For some reason it failed for my exact search query. This was especially bad because I had to make a somehow valid statement that the publication numbers were increasing over the last years. If I only could get all meta data (i.e. years) from my query (~900) into a spreadsheet…1

At some point I realized that the PubMed database should be accessible and I was sure that R has a solution to it - that’s how I found the RISmed-package.

RISmed package

In short: the RISmed package provides functions to extract bibliographic information from
the NCBI databases. In other words: you can extract the information from PubMed through R code - exactly what I needed!

How to use RISmed?

First you need to install install.packages("RISmed") or load the package:

# load necessary packages
library(tidyverse)
library(RISmed)

Then you specify the search_topic and search_query:

# build the search topic
search_topic <- 'missed care [TI] OR implicit rationing [TI] OR unfinished care [TI]'

# the EUtilsSummary()-function gets information on your search results
# (maximum results set as 1000, years between 1980 and 2019)
search_query <- EUtilsSummary(search_topic, retmax=1000, mindate=1980,maxdate=2019)
Warning in any(is.na(WhichArgs)) || sapply(WhichArgs, length) > 1: 'length(x) =
3 > 1' in coercion to 'logical(1)'

summary() and QueryId get you quick overview of your results:

# Printing the summary displays the actual results that are available
summary(search_query)
Query:
("missed care"[Title] OR "implicit rationing"[Title] OR "unfinished care"[Title]) AND 1980/01/01:2019/12/31[Date - Entry] 

Result count:  66
# see the PMIIDs of our returned query
QueryId(search_query)
 [1] "31883182" "31850645" "31845542" "31773131" "31680364" "31596988"
 [7] "31583822" "31529752" "31334567" "31305955" "30937945" "30866129"
[13] "30686577" "30681485" "30589706" "30475323" "30303195" "30303194"
[19] "30303193" "30145041" "30095046" "29791753" "29655017" "29569380"
[25] "29554590" "29471742" "29281908" "28978300" "28971888" "28960457"
[31] "28844649" "28599196" "27556651" "27492884" "27322941" "27292861"
[37] "27234155" "29718634" "26947419" "26259338" "26032730" "25794946"
[43] "25563066" "25430513" "24681453" "24681452" "24481345" "24397252"
[49] "24248553" "23991529" "23334645" "23084600" "22674763" "20661063"
[55] "19590471" "18055900" "16323493" "11467274" "10862990" "9694173" 
[61] "10173241" "8611380"  "7549650"  "7549649"  "7795458"  "8332926" 

If you think your query gets you a reasonable number of results you can then further information on your records (i.e. dowloading the information):

# get the actual data from PubMed and store them in an object called records
records <- EUtilsGet(search_query, type = "efetch", db = "pubmed")

# check what kind of object "records" is
class(records)
[1] "Medline"
attr(,"package")
[1] "RISmed"

For creating your final dataframe to analyse the data, you need to extract information as requested.

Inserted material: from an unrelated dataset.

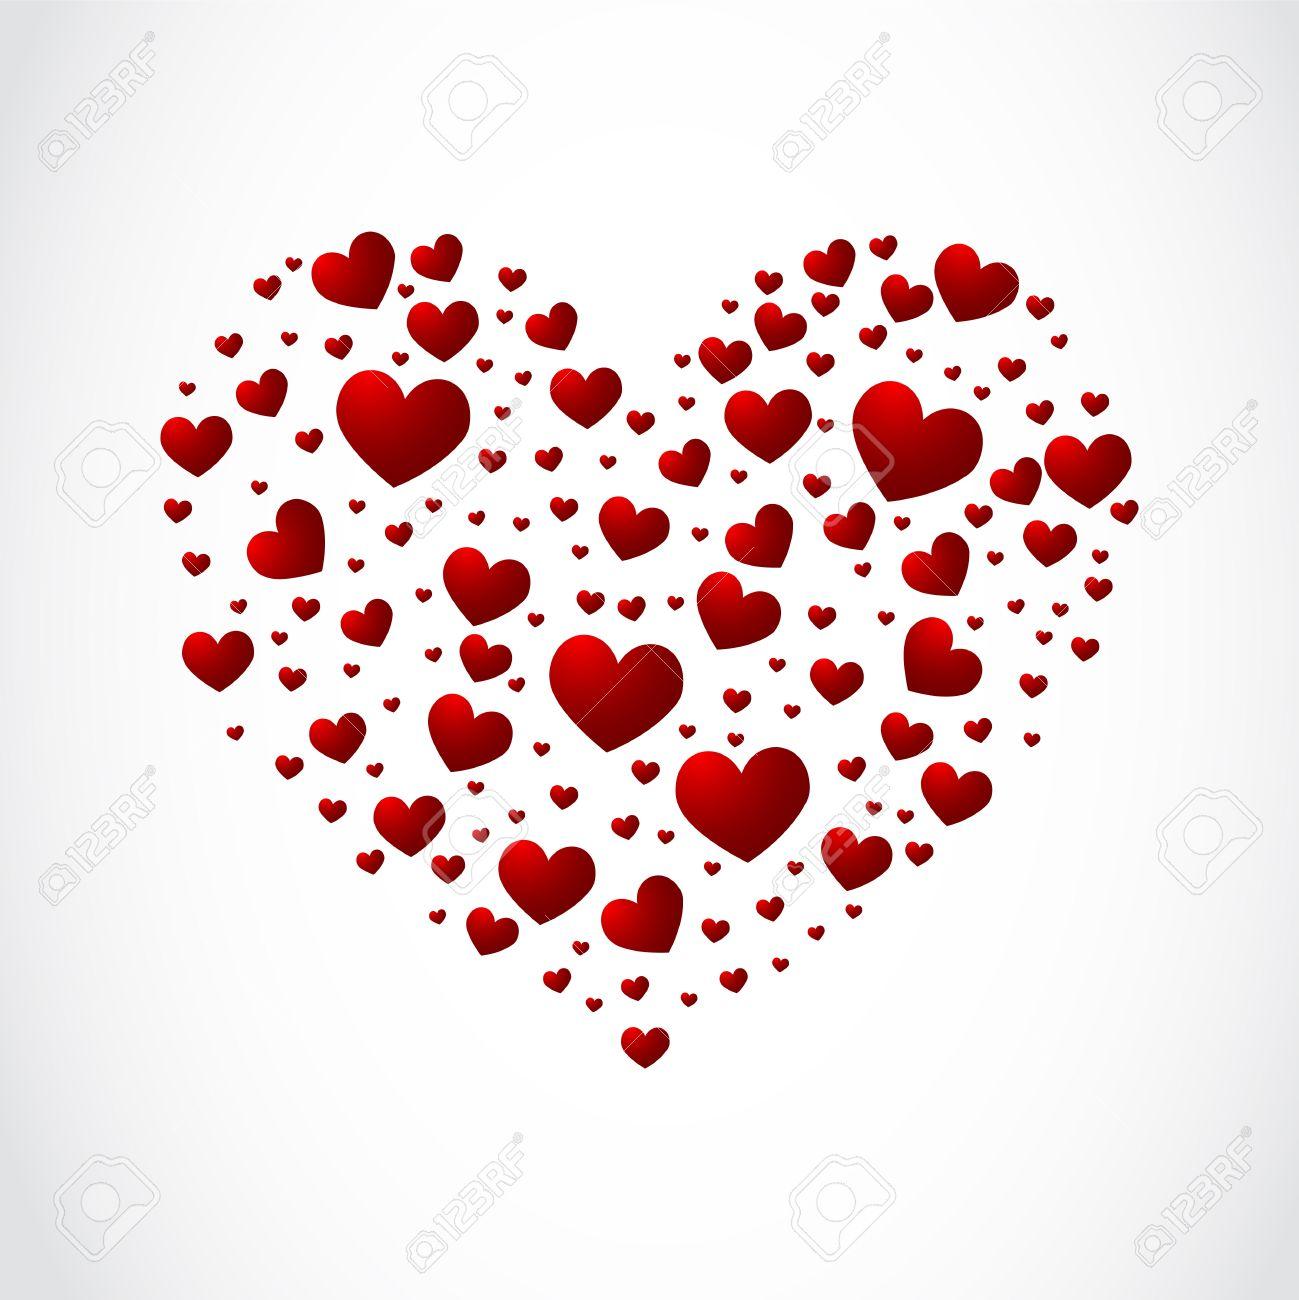 Heart made of small hearts Stock Vector - 11893492
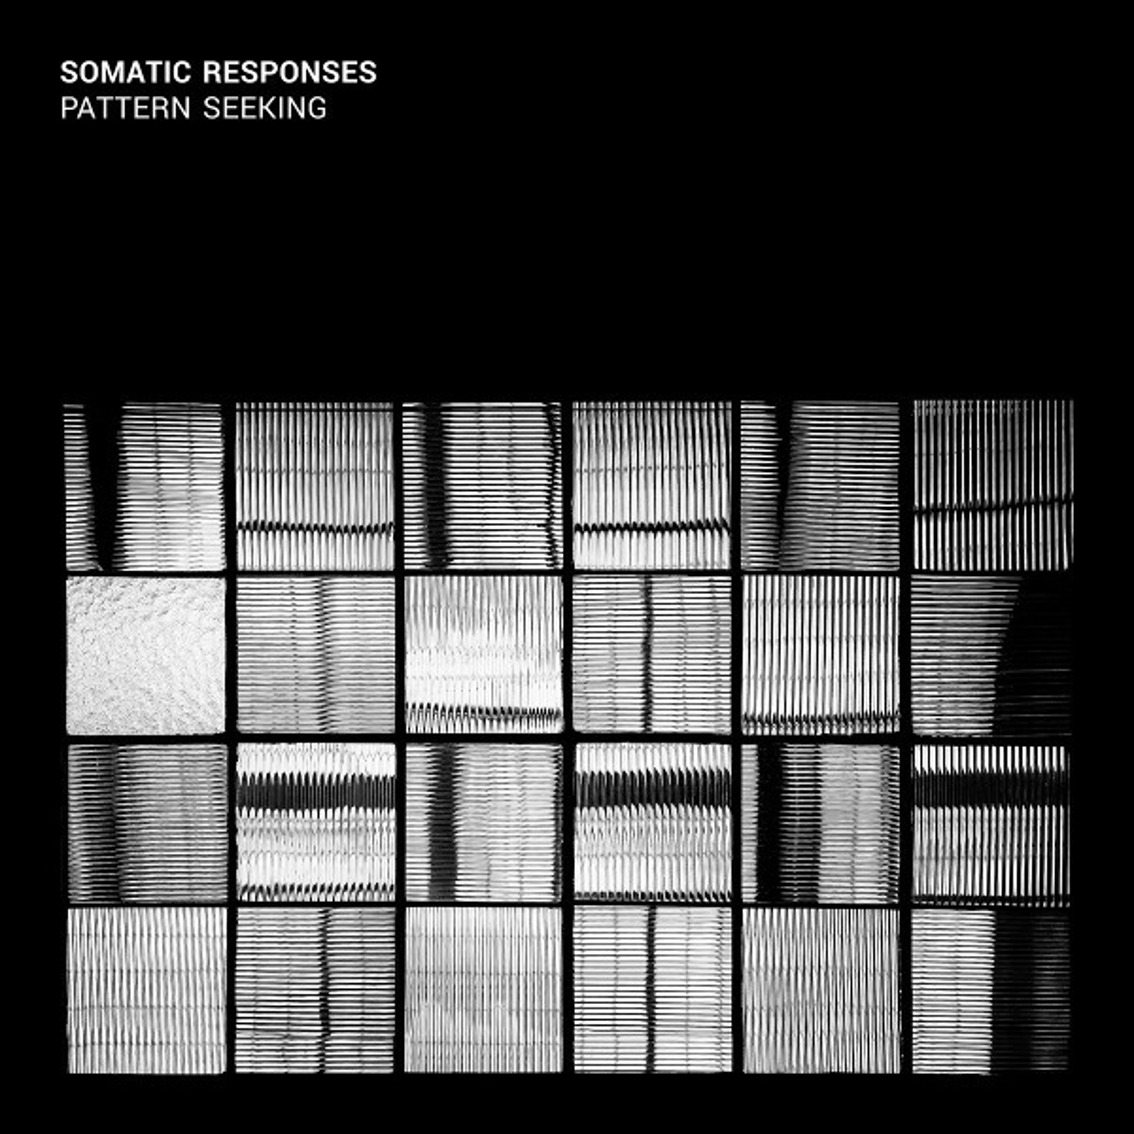 Somatic Responses choose for'Pattern Seeking'

You can choose either dataframe or list to store the results. Careful: If you extract Author() you need to choose list, otherwise the variable is dropped.

# store it in either list or dataframe (Author() returns a list, therefore 
# list chosen here)
pubmed_data_list <- list('Title' = ArticleTitle(records), 
                         'Authors' = Author(records), 
                         'Year' = YearPubmed(records), 
                         'Journal' = Title(records),
                         'PublicationType' = PublicationType(records),
                         'Language' = Language(records))

# version without Authors for dataframe
pubmed_data <- data.frame('Title' = ArticleTitle(records),
                    'Year' = YearPubmed(records), 
                    'Journal' = Title(records),
                    'Language' = Language(records))

Finally, I could visually explore the year count:

# plot the yearcount
ggplot(pubmed_data, aes(x = factor(Year))) +
  geom_bar() +
  scale_y_discrete() +
  labs(x = "Year",
       y = "No. of publications") +
  theme_classic()

How could my thesis profit from the RISmed package?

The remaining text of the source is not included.